1) Key Length and Cryptographic Export
The export of cryptographic technology is covered by the ITAR (the International Traffic in Arms Regulations). In brief, any software containing strong cryptography must be approved by the State Department before export. The laws are in flux, and the administration seems to be warming to the idea of relaxing the regulations for some product families, such as health software and e-commerce products. Some bills have recently been proposed to allow broader export of strong encryption. (For example, Rep. Bob Goodlatte has authored one that did not get through Congress in the recent session.) But none has yet been approved.
In previous years, the rules seemed simple: "short key good, long key bad." Now they are much more complex, and changing rapidly. To get a clear idea of whether software from the project you mentioned could be legally exported, I'm afraid you will need information from a lawyer or legal expert who is currently working in this area.
2) Future Articles on Public-Key Encryption
Public-key encryption has long been encumbered with US patents held by Public Key Partners (PKP), which we conservatively assume to cover any form of public-key cryptography in the US. The grandparent of these patents, the Diffie-Hellman patent, expired last year. Some public-key encryption techniques not covered by other patents (such as the ElGamal approach) may now be open for use.
I haven't considered developing a public-key Cryptor yet, mostly out of concern for patents and other intellectual-property issues. Moreover, public-key systems require much more than the basic encryption engine to work well. Key exchange protocols, digital signatures, and several other complex behaviors must all be covered before you can use a public-key system properly.
I don't think all the detail needed for a successful public-key system could be compressed into a single article. On the other hand, I believe that serious developers who plan to offer Internet services in their software need to be aware of the basic public-key protocols. These protocols support safe commerce and secure data exchange, and there is no way to avoid them — no other approaches allow secure communication over a public network.

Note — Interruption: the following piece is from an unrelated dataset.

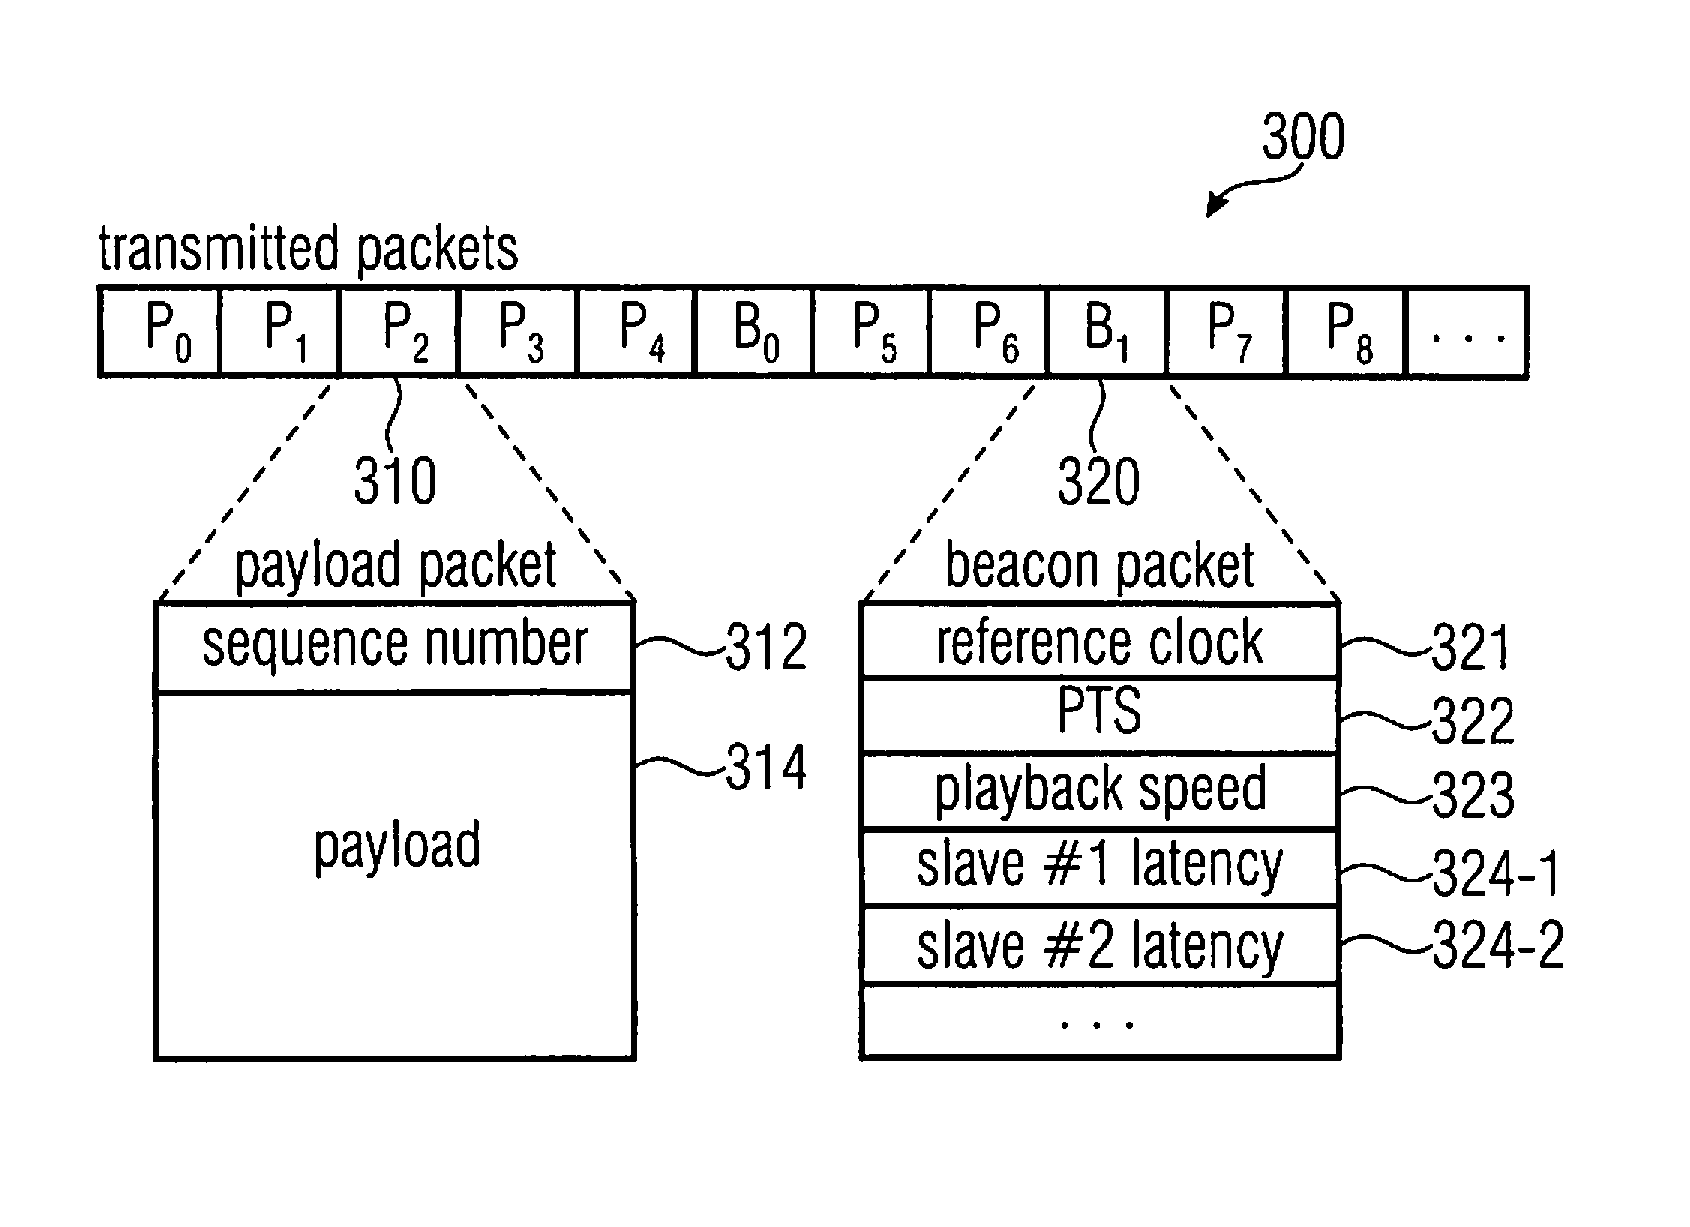 Distributed playback architecture

I'd like to offer two suggestions. First, you should search the Web for current information on PKI (Public-Key Infrastructure) efforts. (A massive links page can be found at http://www.excelmail.com/.) These PKI products and services reflect the real use of public-key methods, and let you see how complex the protocols and administration become when they're used seriously. Second, you may want to buy a commercial encryption library for public-key services. In addition to the encryption algorithms, the libraries generally support all the necessary public-key infrastructure, including digital identification certificates, secure key exchange, message digests, digital signatures, and so on. Without all those extra services, the encryption code alone is not very useful.
I'm sorry I couldn't answer your questions more constructively — I know it's annoying to have a simple question you can't get a straight answer to. Unfortunately, the legalities of cryptographic export are complicated and evolving even as I write, which frustrates all of us involved in developing secure products. I suspect you'll agree with me after reviewing PKI that it's a lot easier to ride someone else's coat-tails in putting together public-key software than it is to roll your own. I wish you the best of luck in your development projects, and thank you for your kind words about the article.
Warren Ward
vpresearch@winterforce.com
(403) 452-1328
Dear CUJ:
The article "Skip Lists in C++" by Bill Whitney, in the November 1998 CUJ contains a number of problems.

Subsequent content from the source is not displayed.